We received more than 100 entries from participants, grouped in three divisions: elementary, junior high and high school.

Here are the winning entries:

‘The Kidnapping on Halloween Eve’

By Sabrea Platz

Elementary Division

“That has to be the ugliest baby I’ve ever seen,” I thought when I arrived at the Kendricks’ home to baby-sit their new infant. I was forced to baby-sit to make up for the antique lawn gnome I broke last summer. It was Halloween Eve when the terrible event occurred.

Everybody in Melloville heard the horrendous screech from Mrs. Kendricks. She ran out of her mansion screaming, “He’s gone, Joe is gone.”

Hearing the screech, Sheriff Jones ran out of his office and asked, “What is the commotion, Mrs. Kendricks?”

“My baby boy Joe is gone. He’s been kidnapped,” howled Mrs. Kendricks.

“Don’t panic, I’m sure he just crawled away,” replied Jones.

“Right, a newborn crawled away,” fumed Mrs. Kendricks as she scurried back into the mansion.

“I need to go and check the scene,” groaned Jones.

I tagged along with Sheriff Jones. I was the sheriff’s daughter and the town’s best sleuth. Arriving at the scene we found a white feather and a long, thick, plastic-coated piece of string.

“I don’t know why a feather and string would be here,” I questioned.

“Maybe the kidnappers left them. They might be our first clues,” exclaimed Dad. “Just got paged on my beeper, gotta run. You stay and look for more clues.”

“OK” I answered. I excitedly started combing the scene again.

I was unsuccessful locating more clues. At dinner that night I explained the entire case to my Mom. She responded with, “My gosh, how could someone do such an unfathomable thing, kidnapping a newborn. I bet they want ransom, because the Kendricks are so rich.”

“Mom, that is brilliant. Dad you should check the alibis of all the people in financial trouble,” I announced.
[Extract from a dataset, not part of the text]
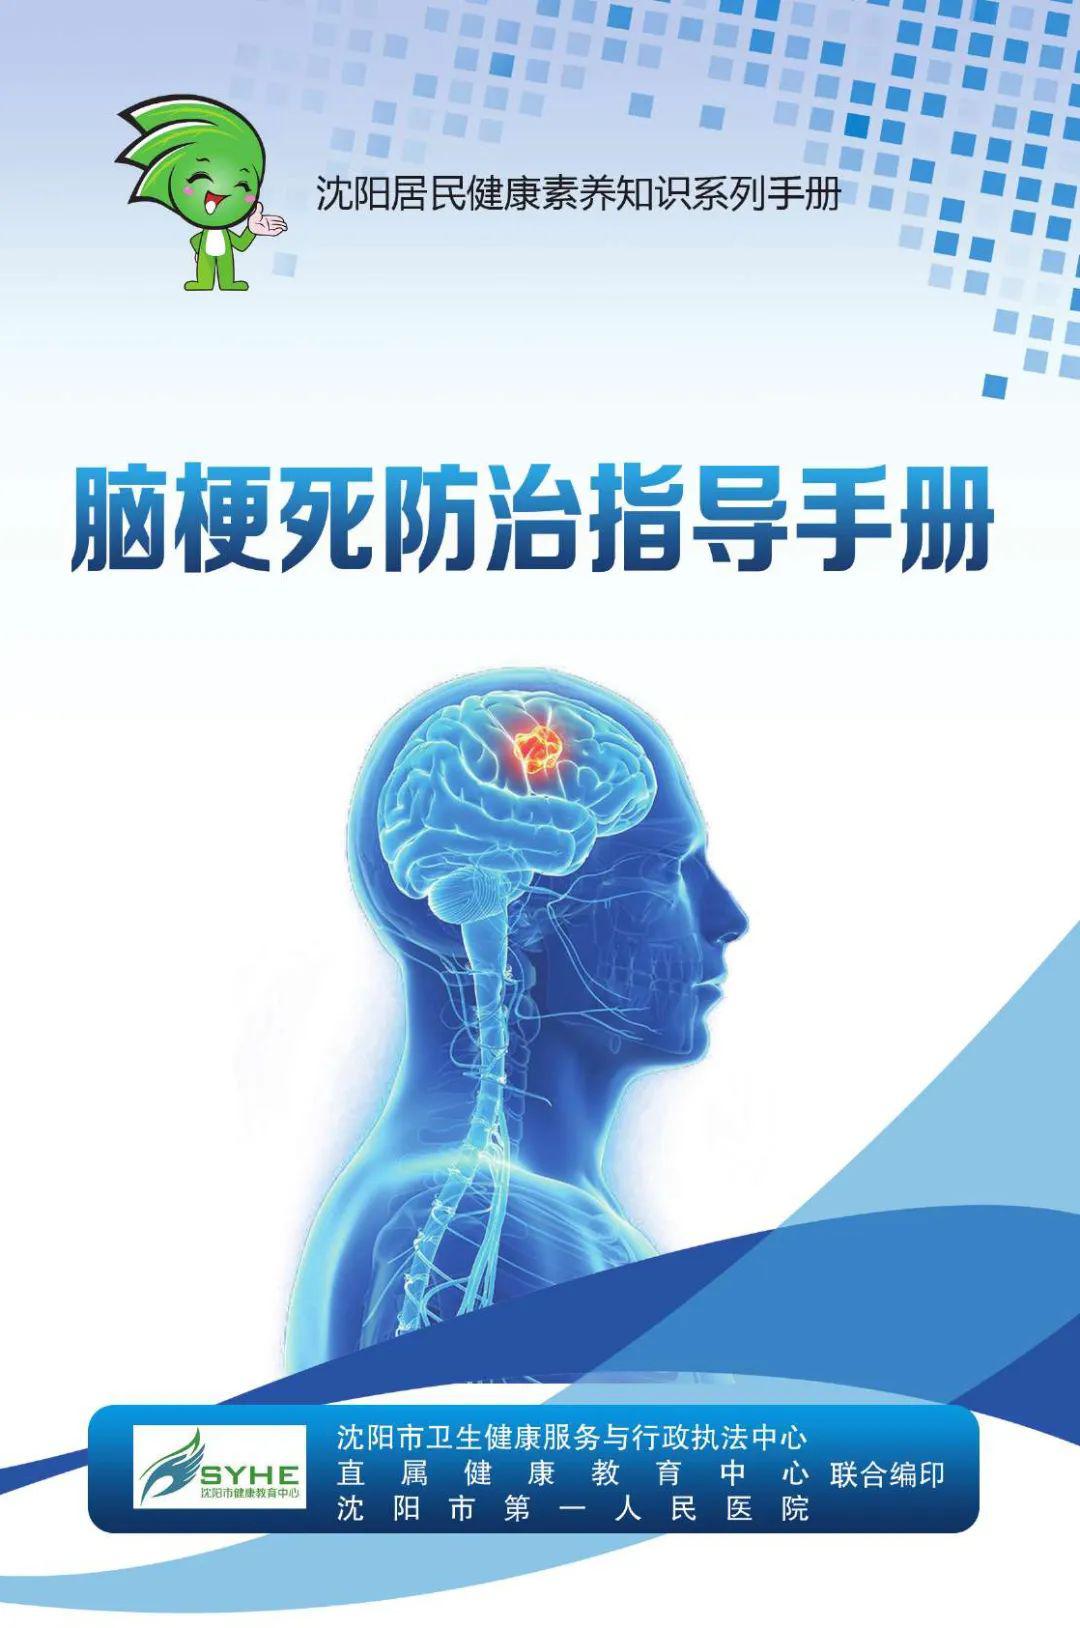 神经内科专家：静脉溶栓是治疗急性脑梗死超早期最有效手段-中国科技网
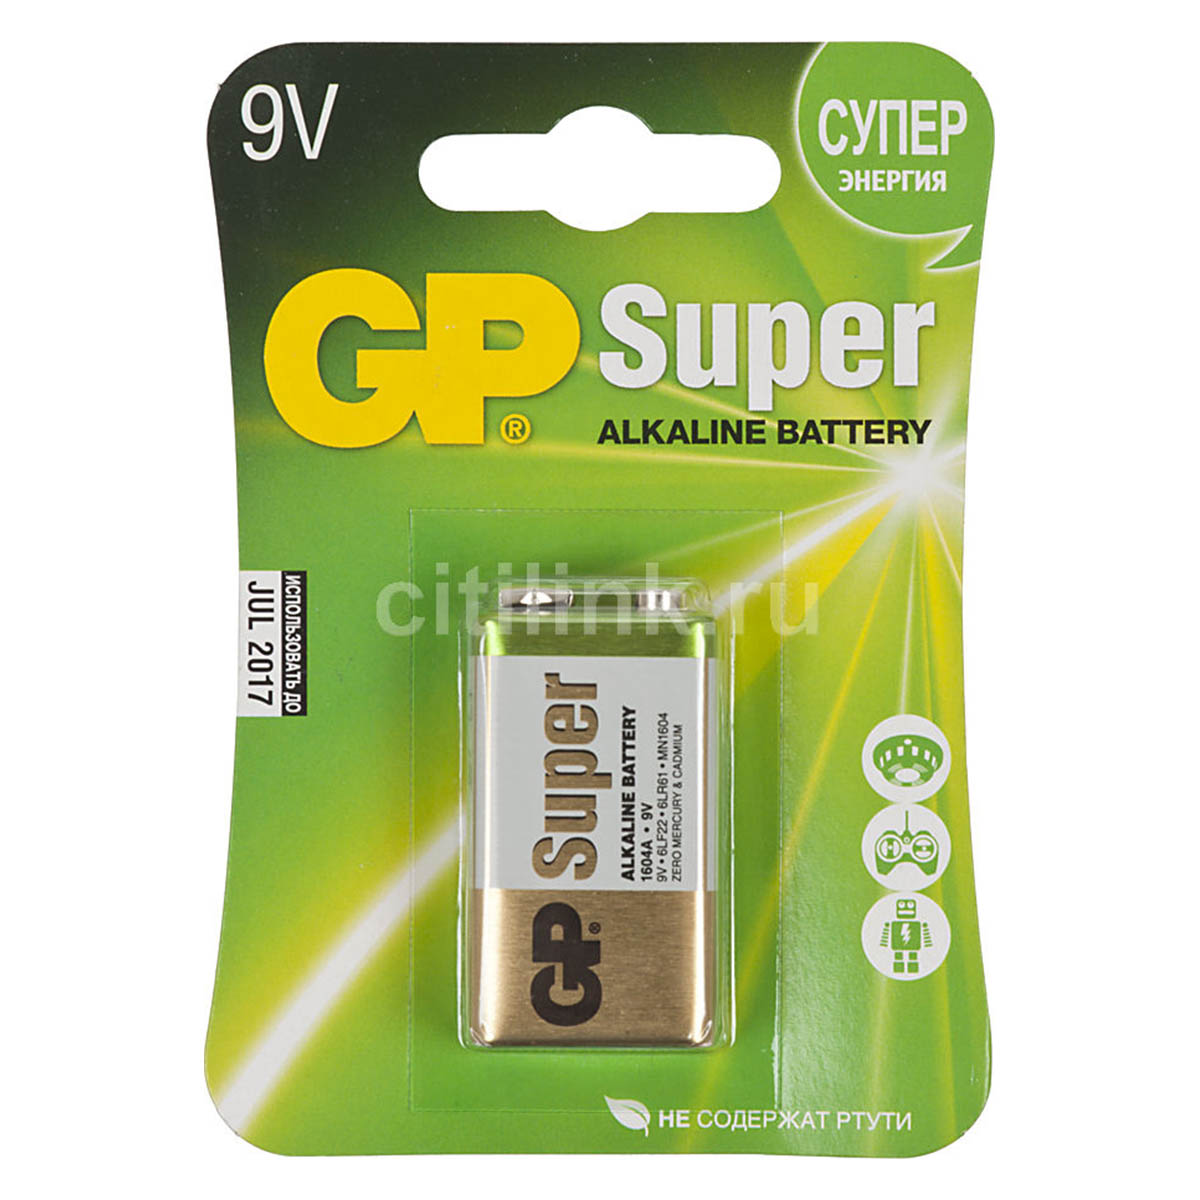 Батарейка GP Super Крона 6F22 Alkaline 9V

“That’s amazing you figured out the next step. Hey Sam, look at this,” dad muttered. I scurried over and read the newly opened e-mail.

Dear Sheriff Jones,

I finished your request, there are four with criminal records:

John McCarty — armed robbery

Jordan Weaver — thief and kidnapping

Brandon Hogsdail — robbery

Jade Smith — robbery and DUI

“Dad, let’s go and check out the four people.”

“Let’s start with Hogsdail’s dry-cleaning business,” my Dad responded.

Upon entering the dry-cleaning business, I spotted a white fur coat and a string they hang their delicates on that matched the string found at the crime scene. It was not looking good for Brandon.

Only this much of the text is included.